The decision to create a house from scratch may have befallen Geoff and Heather with unusual swiftness, but it didn’t catch them off guard. Indeed, for the year leading up to their real-estate coin flip, the husband and wife had been amassing a Pinterest board of model projects. “Whether the architectural style was modern or traditional, we wanted it to look like it was growing out of the land,” Heather says.
Geoff admired the strikingly modernist portfolio of Bates Masi Architects, and then learned about Adam Jordan, a young architect from the firm who had recently gone out on his own. Geoff reached out to Jordan, whose eponymous studio is located in Water Mill, New York, and invited him to Michigan to consider a commission.

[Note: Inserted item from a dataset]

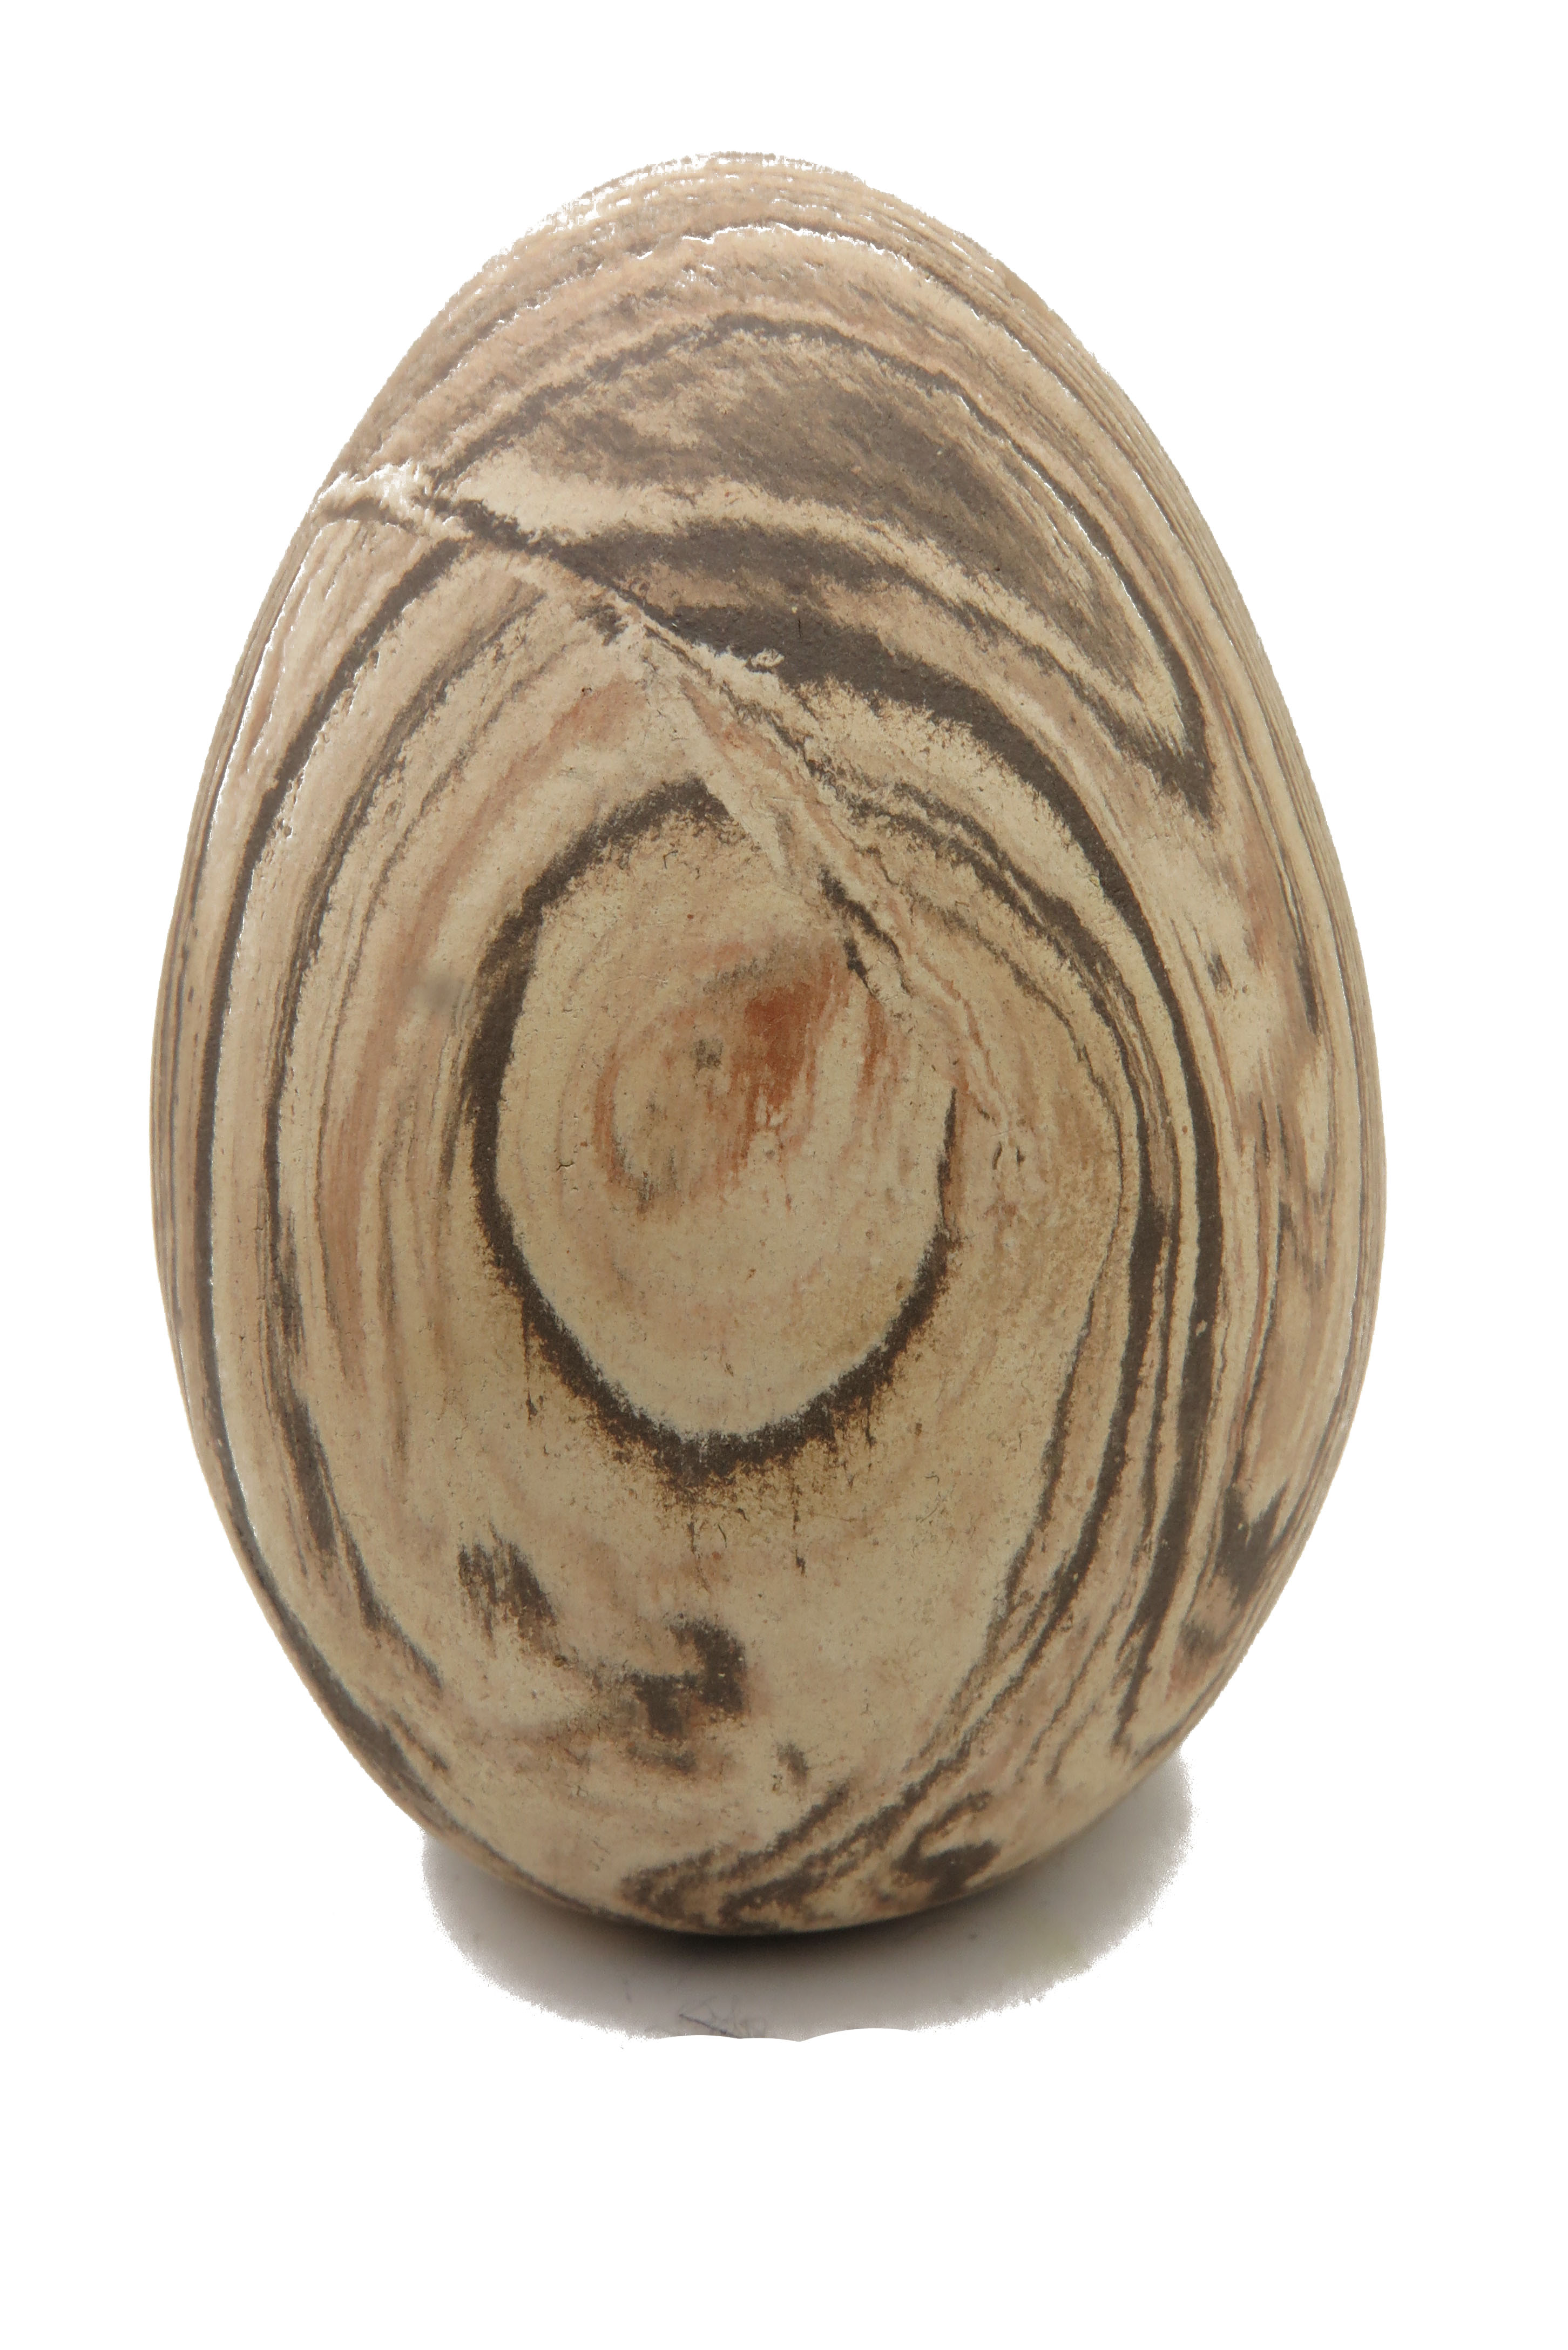  Eier wie aus Stein gehauen/ M 14 cm

When Jordan arrived in Bloomfield Hills, he got a literal lay of the land—“there’s a surprising amount of topography,” he says of the acreage—as well as a walkthrough of Cranbrook Schools to set a design direction for the residence. The client’s children had attended the famed institution’s lower schools and, Heather explains, “While we have many favorite spots, we’re almost desensitized to it. We wanted to see what popped out to Adam.”

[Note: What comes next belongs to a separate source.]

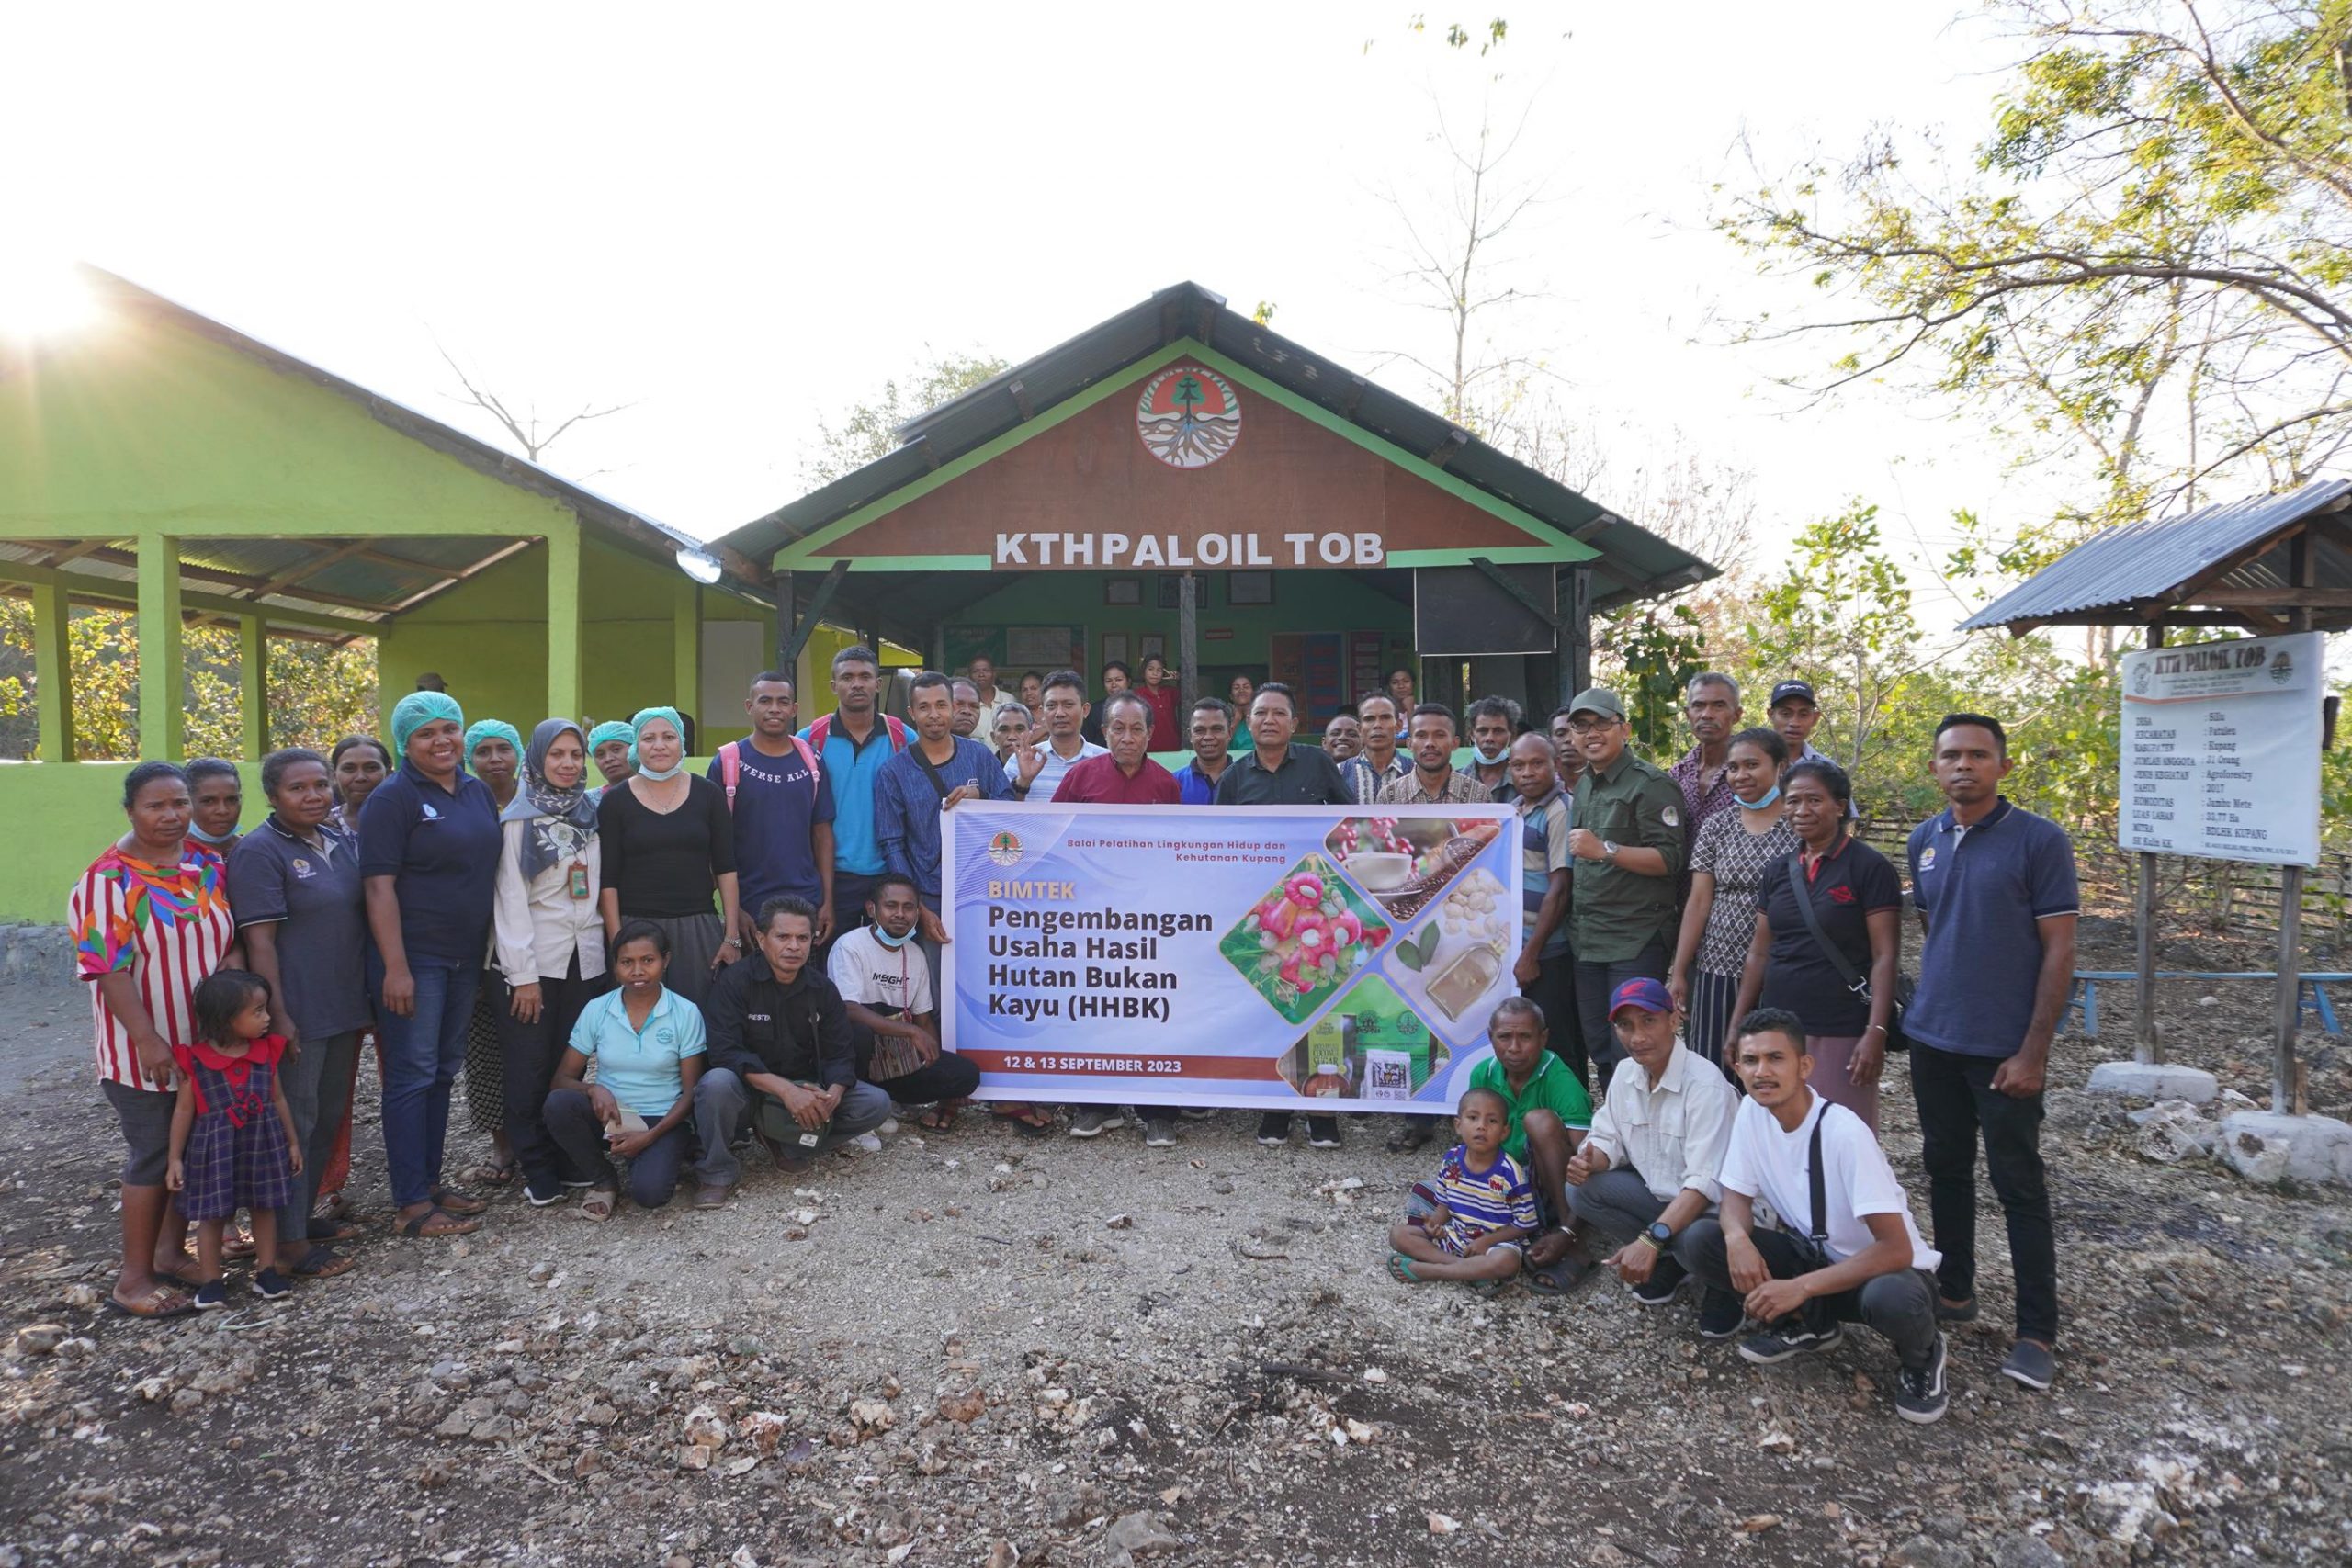 Suksesnya Pelaksanaan Bimbingan Teknis Pengembangan Usaha Hasil Hutan Bukan Kayu di Wanawiyata Widya Karya Kelompok Tani Hutan Paloil Tob

During the tour, Jordan says he reveled in the intricate brickwork of buildings designed by Eliel Saarinen and how, more generally, Cranbrook’s original chief architect and first president had embedded those facilities within a mosaic of courtyards. For his new design in turn, Jordan conceived the three-bedroom residence as a series of linked pavilions. He says that by designing separate enclosures for each of the house’s various uses, the volumes could “follow the grade on the property.” Jordan nested volumes into one another or connected them via passageway, as well, to yield protected outdoor spaces.
Whereas Saarinen looked to the Arts and Crafts movement for inspiration, Jordan and the homeowners decided that the composition should seem like primal outcroppings that escape golfers’ view. Success hinged on finishing the exterior solely in brick and glass, without any accent materials to draw attention to the house. Perhaps more important was finding a brick that blends perfectly with the mature red oaks on site. The exhaustive search for this camouflage turned up sand-textured bricks by Glen-Gery, which a local artisan singlehandedly installed over two and a half years.
Geoff confirms that the house occasionally disappears from the links. “If some people perceive the house as rigid by virtue of its form,” he adds, “everybody is surprised to find the interior to be as inviting as it is.” He and Heather attribute that warmth to Jordan’s handling of daylight and his expansive use of white oak and the same Glen-Gery bricks for surfaces. The architect points out that scribing of wood and stone interior surfaces further unifies it to the exterior’s brick courses, so that architecture and nature feel inextricable.
Jordan also makes sure that his wife and interior-design collaborator, Jordan Jordan, enjoys equal credit for the welcoming rooms. “Adam had a very minimalist upbringing, whereas I have a lot of appreciation for layers, and I think we’ve really influenced one another,” she says. For this project, she also notes, “We were all on the same page that there should be a lot of cozy natural textures, and that green should be the one color in the house.” Vintage pieces by Pierre Jeanneret, Isamu Noguchi, and Carlo Scarpa are combined with contemporary sources and custom designs in spare vignettes that keep Geoff and Heather focused on the landscape.
The homeowners are happy to substantiate the designers’ claim of an indoor-outdoor experience. “I feel like I’m at an Aman resort,” Heather says, noting how sunshine follows her daily journey through the house. Geoff meanwhile expresses gratitude to Jordan for advocating for a patio and terrace “that we didn’t understand we’d enjoy as much as we have” and notes, “When you find somebody even half as talented as Adam, you place a lot of trust in them.”